** REQUIRED ACTION **
Please take the records that follow and repeat exactly the lines starting with the line with "Cotton Sole Brown" and going on through the line with "52cm high without shade".

Top of SUPPLIED MATERIAL

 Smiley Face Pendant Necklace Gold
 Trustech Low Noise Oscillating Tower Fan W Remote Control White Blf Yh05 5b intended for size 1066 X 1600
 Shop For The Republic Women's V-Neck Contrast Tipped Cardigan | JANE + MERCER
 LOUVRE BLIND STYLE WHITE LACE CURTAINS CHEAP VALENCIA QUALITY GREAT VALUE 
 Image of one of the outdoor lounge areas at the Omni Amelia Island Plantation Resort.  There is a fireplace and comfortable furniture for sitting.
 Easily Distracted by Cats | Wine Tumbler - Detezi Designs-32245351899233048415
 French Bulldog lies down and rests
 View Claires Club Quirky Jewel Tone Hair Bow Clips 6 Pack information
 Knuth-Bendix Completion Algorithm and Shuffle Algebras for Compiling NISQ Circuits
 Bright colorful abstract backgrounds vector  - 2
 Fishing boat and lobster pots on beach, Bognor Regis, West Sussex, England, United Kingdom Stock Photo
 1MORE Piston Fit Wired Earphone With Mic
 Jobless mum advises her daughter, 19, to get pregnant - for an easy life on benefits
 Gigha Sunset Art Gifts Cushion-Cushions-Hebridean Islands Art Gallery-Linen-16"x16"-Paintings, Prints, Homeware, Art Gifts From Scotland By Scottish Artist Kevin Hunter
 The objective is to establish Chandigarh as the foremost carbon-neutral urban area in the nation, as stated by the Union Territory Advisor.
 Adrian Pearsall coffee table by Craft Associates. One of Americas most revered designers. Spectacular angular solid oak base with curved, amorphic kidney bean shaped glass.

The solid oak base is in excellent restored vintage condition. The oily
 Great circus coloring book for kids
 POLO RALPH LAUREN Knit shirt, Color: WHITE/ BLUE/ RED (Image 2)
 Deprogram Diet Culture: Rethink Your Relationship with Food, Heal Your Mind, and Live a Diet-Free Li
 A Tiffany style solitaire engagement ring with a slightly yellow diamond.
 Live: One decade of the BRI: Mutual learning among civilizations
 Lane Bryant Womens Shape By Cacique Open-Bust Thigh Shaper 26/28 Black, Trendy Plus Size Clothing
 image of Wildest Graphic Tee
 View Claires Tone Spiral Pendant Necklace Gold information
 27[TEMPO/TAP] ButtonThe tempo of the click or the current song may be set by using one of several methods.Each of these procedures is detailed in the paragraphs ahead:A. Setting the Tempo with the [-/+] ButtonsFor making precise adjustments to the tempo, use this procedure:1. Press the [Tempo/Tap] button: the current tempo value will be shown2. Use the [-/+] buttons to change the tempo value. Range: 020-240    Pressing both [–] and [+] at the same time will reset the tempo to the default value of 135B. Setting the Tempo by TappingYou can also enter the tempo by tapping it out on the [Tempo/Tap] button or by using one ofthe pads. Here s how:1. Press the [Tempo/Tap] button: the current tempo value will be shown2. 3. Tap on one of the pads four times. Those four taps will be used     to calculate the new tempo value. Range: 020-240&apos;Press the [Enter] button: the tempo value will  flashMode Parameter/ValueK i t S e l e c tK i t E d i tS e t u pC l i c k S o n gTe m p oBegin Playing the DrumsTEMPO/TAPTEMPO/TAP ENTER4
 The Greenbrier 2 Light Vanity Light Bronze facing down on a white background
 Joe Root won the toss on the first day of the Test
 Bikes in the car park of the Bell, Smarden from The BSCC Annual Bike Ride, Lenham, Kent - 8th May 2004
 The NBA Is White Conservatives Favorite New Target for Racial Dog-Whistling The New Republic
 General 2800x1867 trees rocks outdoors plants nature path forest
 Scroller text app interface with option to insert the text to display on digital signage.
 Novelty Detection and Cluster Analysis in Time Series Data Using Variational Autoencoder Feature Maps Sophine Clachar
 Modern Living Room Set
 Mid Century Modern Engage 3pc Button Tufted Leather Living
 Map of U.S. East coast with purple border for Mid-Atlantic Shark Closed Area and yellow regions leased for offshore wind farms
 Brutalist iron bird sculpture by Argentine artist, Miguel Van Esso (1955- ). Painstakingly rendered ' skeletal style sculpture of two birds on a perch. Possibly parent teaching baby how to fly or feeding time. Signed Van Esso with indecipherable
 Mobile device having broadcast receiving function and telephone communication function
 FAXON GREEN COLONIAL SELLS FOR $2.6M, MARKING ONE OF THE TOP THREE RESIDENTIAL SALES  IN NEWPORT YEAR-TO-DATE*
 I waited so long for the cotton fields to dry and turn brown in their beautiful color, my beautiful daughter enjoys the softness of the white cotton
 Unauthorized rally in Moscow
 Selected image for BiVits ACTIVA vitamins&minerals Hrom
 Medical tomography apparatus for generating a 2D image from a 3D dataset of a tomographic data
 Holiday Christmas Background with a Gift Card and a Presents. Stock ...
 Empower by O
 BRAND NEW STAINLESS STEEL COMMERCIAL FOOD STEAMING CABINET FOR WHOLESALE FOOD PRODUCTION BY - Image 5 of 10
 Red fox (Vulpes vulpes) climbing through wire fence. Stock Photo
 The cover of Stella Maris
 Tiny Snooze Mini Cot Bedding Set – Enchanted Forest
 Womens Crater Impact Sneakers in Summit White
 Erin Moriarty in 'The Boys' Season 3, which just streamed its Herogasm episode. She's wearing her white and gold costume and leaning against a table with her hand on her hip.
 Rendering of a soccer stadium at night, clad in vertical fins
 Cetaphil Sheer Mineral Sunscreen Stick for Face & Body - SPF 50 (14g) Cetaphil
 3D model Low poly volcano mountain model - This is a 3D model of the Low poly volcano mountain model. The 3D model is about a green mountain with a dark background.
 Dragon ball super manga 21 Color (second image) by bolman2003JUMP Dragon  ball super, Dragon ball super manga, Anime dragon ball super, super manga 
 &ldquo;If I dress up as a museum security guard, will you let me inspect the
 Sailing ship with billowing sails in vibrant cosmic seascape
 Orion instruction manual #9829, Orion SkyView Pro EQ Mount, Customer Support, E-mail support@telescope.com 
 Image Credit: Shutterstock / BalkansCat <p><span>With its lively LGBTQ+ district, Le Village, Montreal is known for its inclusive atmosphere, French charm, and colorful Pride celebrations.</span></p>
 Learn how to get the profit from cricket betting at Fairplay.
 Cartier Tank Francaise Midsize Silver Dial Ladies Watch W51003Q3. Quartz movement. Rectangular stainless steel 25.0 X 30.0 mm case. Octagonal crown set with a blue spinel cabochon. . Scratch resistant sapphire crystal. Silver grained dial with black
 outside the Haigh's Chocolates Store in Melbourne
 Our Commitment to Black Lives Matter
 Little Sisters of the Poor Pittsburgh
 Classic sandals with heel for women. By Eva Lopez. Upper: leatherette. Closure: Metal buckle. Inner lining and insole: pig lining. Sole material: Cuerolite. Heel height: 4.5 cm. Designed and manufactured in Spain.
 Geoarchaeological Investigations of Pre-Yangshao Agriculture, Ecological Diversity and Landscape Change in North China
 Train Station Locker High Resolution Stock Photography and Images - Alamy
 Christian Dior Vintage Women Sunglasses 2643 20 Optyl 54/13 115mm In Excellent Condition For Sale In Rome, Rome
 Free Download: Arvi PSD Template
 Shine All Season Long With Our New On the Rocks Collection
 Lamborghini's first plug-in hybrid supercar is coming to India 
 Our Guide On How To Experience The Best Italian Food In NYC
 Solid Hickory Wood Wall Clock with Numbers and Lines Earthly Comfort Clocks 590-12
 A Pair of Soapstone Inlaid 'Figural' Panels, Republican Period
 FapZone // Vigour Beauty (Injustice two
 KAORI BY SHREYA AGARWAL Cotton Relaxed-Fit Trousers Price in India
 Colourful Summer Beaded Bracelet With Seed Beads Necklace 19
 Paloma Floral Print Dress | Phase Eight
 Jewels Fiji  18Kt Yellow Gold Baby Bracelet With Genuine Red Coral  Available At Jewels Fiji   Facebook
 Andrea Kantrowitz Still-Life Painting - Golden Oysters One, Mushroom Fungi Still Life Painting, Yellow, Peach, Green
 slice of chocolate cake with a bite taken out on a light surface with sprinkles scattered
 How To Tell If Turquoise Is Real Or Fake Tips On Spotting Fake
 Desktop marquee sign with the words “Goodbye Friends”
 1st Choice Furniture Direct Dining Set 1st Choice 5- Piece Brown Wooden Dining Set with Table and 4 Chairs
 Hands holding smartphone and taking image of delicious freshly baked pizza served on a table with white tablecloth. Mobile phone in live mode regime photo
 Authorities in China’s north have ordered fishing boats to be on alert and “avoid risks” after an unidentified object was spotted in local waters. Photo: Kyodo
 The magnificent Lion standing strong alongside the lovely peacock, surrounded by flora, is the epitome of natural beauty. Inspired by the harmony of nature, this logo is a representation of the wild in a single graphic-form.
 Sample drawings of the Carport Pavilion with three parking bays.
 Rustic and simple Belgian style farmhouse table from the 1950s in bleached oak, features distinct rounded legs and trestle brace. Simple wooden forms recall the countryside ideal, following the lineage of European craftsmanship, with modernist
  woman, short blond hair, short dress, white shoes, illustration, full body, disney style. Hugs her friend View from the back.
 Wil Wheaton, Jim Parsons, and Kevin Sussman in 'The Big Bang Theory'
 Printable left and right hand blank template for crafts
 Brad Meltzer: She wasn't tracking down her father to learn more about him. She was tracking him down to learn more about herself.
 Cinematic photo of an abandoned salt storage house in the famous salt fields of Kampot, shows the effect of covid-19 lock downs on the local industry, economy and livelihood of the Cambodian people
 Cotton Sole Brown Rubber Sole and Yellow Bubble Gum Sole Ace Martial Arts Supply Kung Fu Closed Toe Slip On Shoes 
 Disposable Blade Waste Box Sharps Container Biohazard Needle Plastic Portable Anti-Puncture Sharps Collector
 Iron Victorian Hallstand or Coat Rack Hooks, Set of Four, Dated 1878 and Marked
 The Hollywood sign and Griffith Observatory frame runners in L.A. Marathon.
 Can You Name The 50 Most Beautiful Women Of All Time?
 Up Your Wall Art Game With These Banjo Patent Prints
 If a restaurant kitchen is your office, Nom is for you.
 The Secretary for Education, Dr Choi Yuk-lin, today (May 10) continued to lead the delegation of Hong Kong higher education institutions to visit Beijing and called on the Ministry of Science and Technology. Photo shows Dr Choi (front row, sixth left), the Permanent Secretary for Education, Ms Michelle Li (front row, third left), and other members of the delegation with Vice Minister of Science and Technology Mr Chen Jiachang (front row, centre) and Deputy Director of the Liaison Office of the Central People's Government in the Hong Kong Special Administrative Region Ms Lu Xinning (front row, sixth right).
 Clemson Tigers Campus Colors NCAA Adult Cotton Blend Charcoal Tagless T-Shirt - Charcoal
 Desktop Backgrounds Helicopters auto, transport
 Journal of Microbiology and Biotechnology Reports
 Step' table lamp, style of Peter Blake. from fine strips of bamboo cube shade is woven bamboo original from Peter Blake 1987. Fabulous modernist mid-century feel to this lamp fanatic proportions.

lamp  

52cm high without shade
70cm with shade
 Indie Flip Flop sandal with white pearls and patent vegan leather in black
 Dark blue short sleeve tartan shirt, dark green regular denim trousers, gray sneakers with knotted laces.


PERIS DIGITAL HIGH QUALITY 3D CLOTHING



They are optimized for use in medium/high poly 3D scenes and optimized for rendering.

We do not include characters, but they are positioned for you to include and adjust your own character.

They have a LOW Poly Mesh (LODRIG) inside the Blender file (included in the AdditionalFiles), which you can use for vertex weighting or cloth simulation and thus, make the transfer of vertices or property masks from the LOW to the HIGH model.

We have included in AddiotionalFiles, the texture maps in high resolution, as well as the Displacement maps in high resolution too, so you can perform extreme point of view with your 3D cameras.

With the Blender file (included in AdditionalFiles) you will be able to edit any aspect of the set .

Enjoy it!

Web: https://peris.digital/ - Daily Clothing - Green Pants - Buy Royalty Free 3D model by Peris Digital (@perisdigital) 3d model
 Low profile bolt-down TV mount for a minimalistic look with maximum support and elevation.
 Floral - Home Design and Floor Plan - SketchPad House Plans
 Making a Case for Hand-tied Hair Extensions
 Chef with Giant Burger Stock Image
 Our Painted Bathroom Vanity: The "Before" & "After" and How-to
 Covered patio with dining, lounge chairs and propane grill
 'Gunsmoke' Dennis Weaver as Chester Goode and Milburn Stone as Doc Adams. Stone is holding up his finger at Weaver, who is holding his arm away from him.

Bottom of SUPPLIED MATERIAL

** ANSWER SPACE **
 Cotton Sole Brown Rubber Sole and Yellow Bubble Gum Sole Ace Martial Arts Supply Kung Fu Closed Toe Slip On Shoes 
 Disposable Blade Waste Box Sharps Container Biohazard Needle Plastic Portable Anti-Puncture Sharps Collector
 Iron Victorian Hallstand or Coat Rack Hooks, Set of Four, Dated 1878 and Marked
 The Hollywood sign and Griffith Observatory frame runners in L.A. Marathon.
 Can You Name The 50 Most Beautiful Women Of All Time?
 Up Your Wall Art Game With These Banjo Patent Prints
 If a restaurant kitchen is your office, Nom is for you.
 The Secretary for Education, Dr Choi Yuk-lin, today (May 10) continued to lead the delegation of Hong Kong higher education institutions to visit Beijing and called on the Ministry of Science and Technology. Photo shows Dr Choi (front row, sixth left), the Permanent Secretary for Education, Ms Michelle Li (front row, third left), and other members of the delegation with Vice Minister of Science and Technology Mr Chen Jiachang (front row, centre) and Deputy Director of the Liaison Office of the Central People's Government in the Hong Kong Special Administrative Region Ms Lu Xinning (front row, sixth right).
 Clemson Tigers Campus Colors NCAA Adult Cotton Blend Charcoal Tagless T-Shirt - Charcoal
 Desktop Backgrounds Helicopters auto, transport
 Journal of Microbiology and Biotechnology Reports
 Step' table lamp, style of Peter Blake. from fine strips of bamboo cube shade is woven bamboo original from Peter Blake 1987. Fabulous modernist mid-century feel to this lamp fanatic proportions.

lamp  

52cm high without shade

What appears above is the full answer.